Литмир - Электронная Библиотека
A
A

Глава 5. «МЯТЕЖ НЕ МОЖЕТ КОНЧИТЬСЯ УДАЧЕЙ…»

АВГУСТ 1991 ГОДА

Нам выпал трудный век —
Ни складу в нем, ни ладу.
Его огни слепят
Не видно ничего.
Мы ненавидим тех,
Кого жалеть бы надо,
Но кто вовек жалеть
Не стал бы никого…

Наум Коржавин

19 августа 1991 года я находился в Железноводске в санатории «Русь», где тогда отдыхало много таких же, как я, депутатов. В семь утра меня разбудила встревоженная Галя: по радио передавали что-то непонятное. Я прислушался — играла музыка.
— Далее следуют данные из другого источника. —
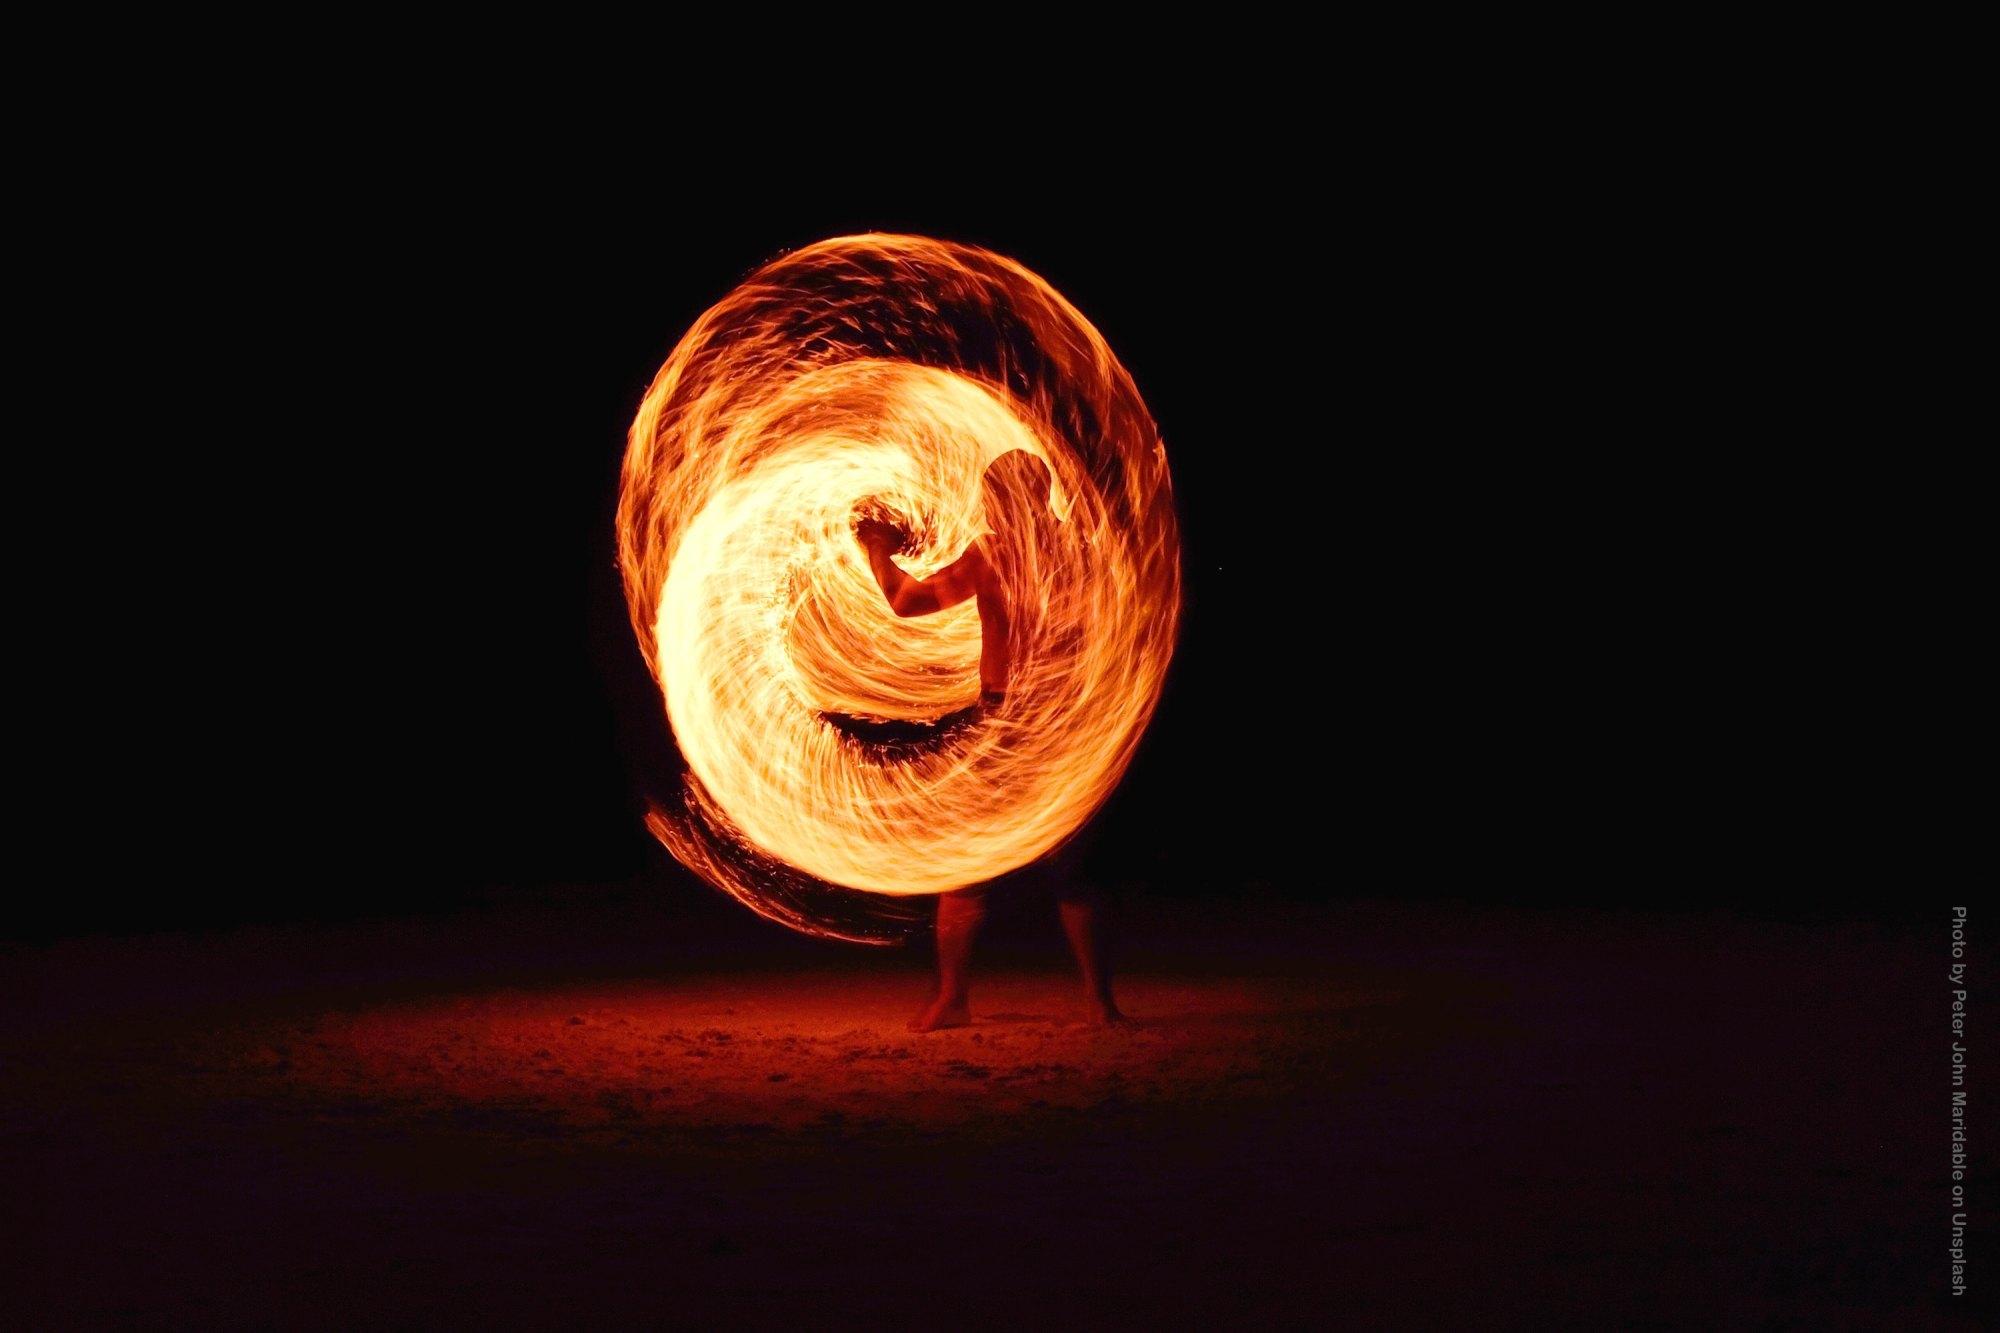 6 of Wands, Tarot, shamanism, mayan, daykeeper, eb, spirit, awareness, angel, spirit guide, expanded, healingthroughceremony.com, michele fire-river heart

Включил телевизор — то же самое, какая-то заунывная музыка, сменившаяся танцем лебедей из балета «Лебединое озеро». Затем появилась заставка «Заявление советского руководства».

Все это мне напомнило день смерти Брежнева. Тогда тоже передавали траурные мелодии и лишь изредка читали официальные сообщения. Что ж, явно у нас в стране что-то в очередной раз случилось. И я тоже не на шутку встревожился, а сработавшая интуиция подсовывала сознанию одно предположение хуже другого. Первая мысль была, конечно, о непростых российских делах наших, но, прослушав текст «Заявления», я понял, что как будто в одночасье смещен с поста Горбачев.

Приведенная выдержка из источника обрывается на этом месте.